Nicholas Nash of Branch practices some traditional music on his accordion.
At first glance, one may think that old traditions are fading away in rural communities, but not in Branch. Three young siblings from the community are learning and keeping alive skills from the past.
Nicholas, Angela and Victoria Nash are all 15 and each has already mastered a love for the traditional skills of playing accordion, knitting, rug hooking and embroidery.
Nicholas, who is fifteen years old and in Grade 9 has been playing the accordion since he was six and has always shown an interest in traditional music.
"He always had an interest for it," said his mom, Evelyn. "I got him his first beginners accordion when he was in Grade 1 and he just kept it up from there."
Nicholas is sure to practice every morning before school and every night for an hour. He is proud to say that he no longer requires the music notes in front of him as he practices so much and nor does he require notes to new music he learns because he can pick it up on his very own.
"I really enjoy playing the accordion," Nicholas said. "I like to perform for others too, whether it be at school, a local concert or at a seniors home, I like to play. It makes others feel happy so it makes me happy."
"He's the next Eddie Coffey," smiled his younger sister Victoria, who has recently also been learning to play the accordion.
Both of Nicholas's younger sisters enjoy traditional hobbies as well. Victoria, who is ten years old and in Grade 4, and Angela, who is 12 and in Grade 7 share a love for knitting, rug hooking and embroidery.
"It is really fun," said Angela while counting stitches. "I think it's nice to get into traditional activities and learn from our elders. At first it was hard learning to knit but now I am working on making my own scarf and even some socks or dishcloths. Its fun!"
Victoria has taken a shine to rug hooking and embroidery.
"I'm not really sure why I like it so much but the embroidery has really pretty colors," she said. "I try to convince my friends who don't know how to do it to learn because its fun and it gives us a chance to get involved with the older people from the community too."

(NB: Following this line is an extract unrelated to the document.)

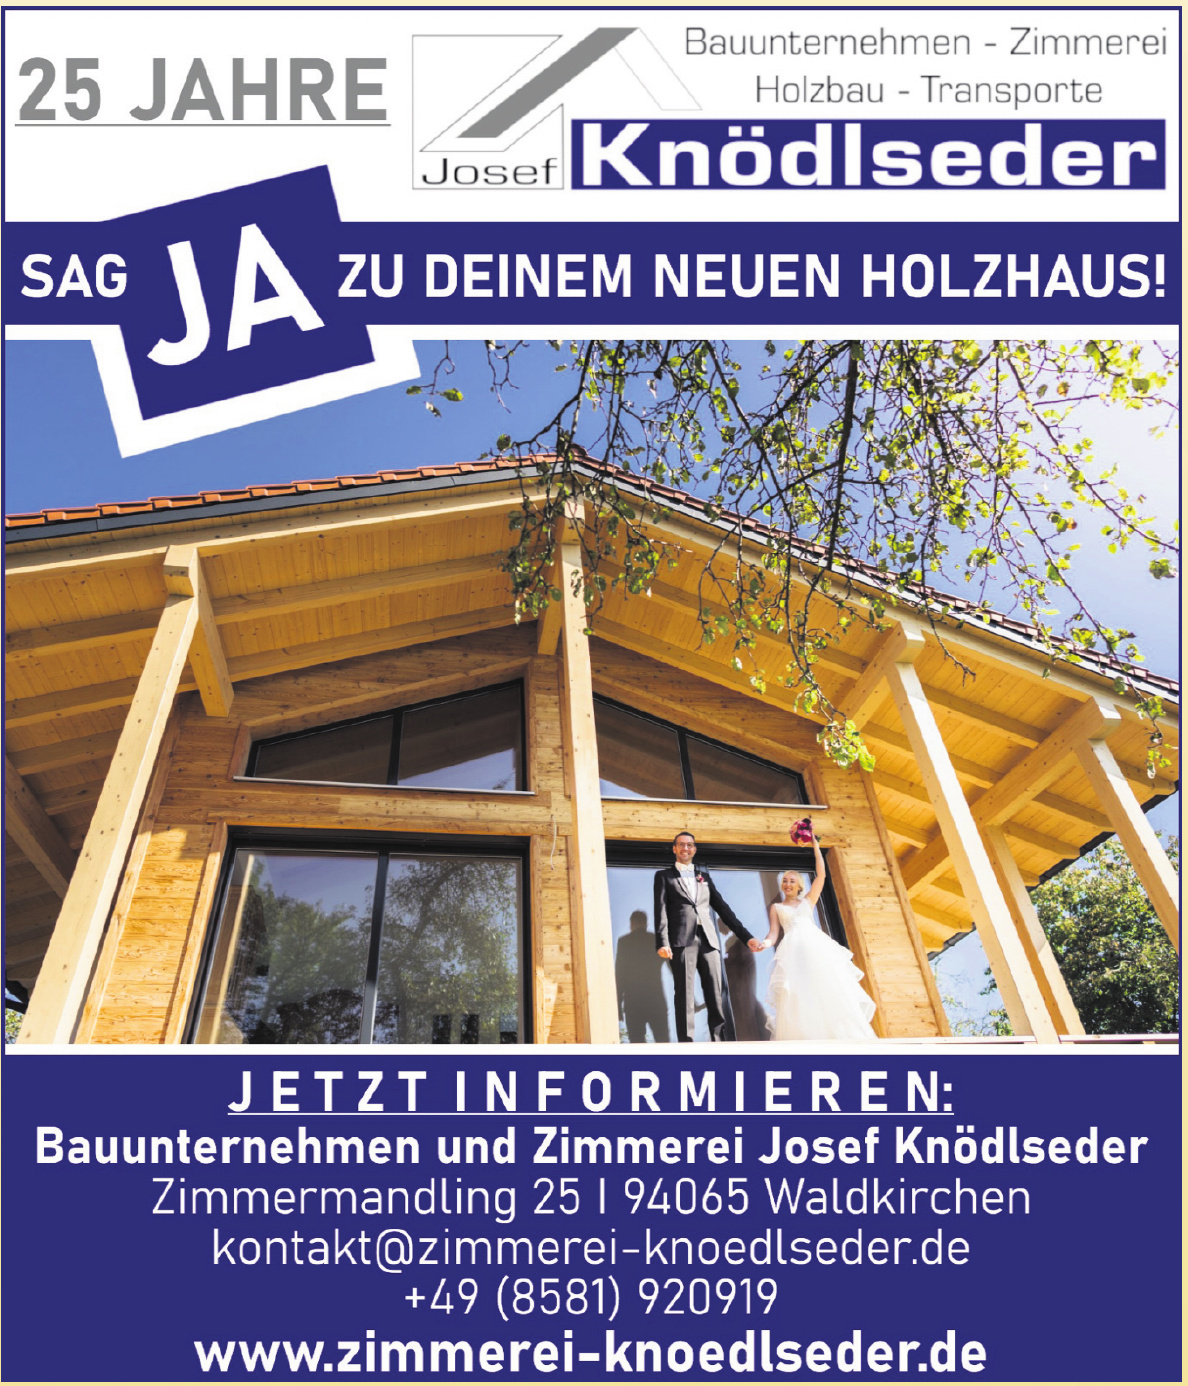 Bauunternehmen und Zimmerei Josef Knödlseder

Angela and Victoria also learned how to perform the traditional dance, "The Lancers," last year with other youth from the community. They performed as a group at Bannerman Park last summer and were chosen to return this year to dance on the main stage.
Evelyn is pleased with her children's interest in the traditional ways and practices of the past.
"I love it! The knitting and stuff keeps the girls occupied and I find that they have been watching less television since they took up their new hobbies. I am also very proud of Nicholas's accordion playing. I just love listening to him play and I would be very disappointed if he gave it up now because he has come so far since he started playing. I just think it is great to see youth today carrying on traditions," said their mother while Nicholas practices his accordion and the girls go back to their knitting and embroidery.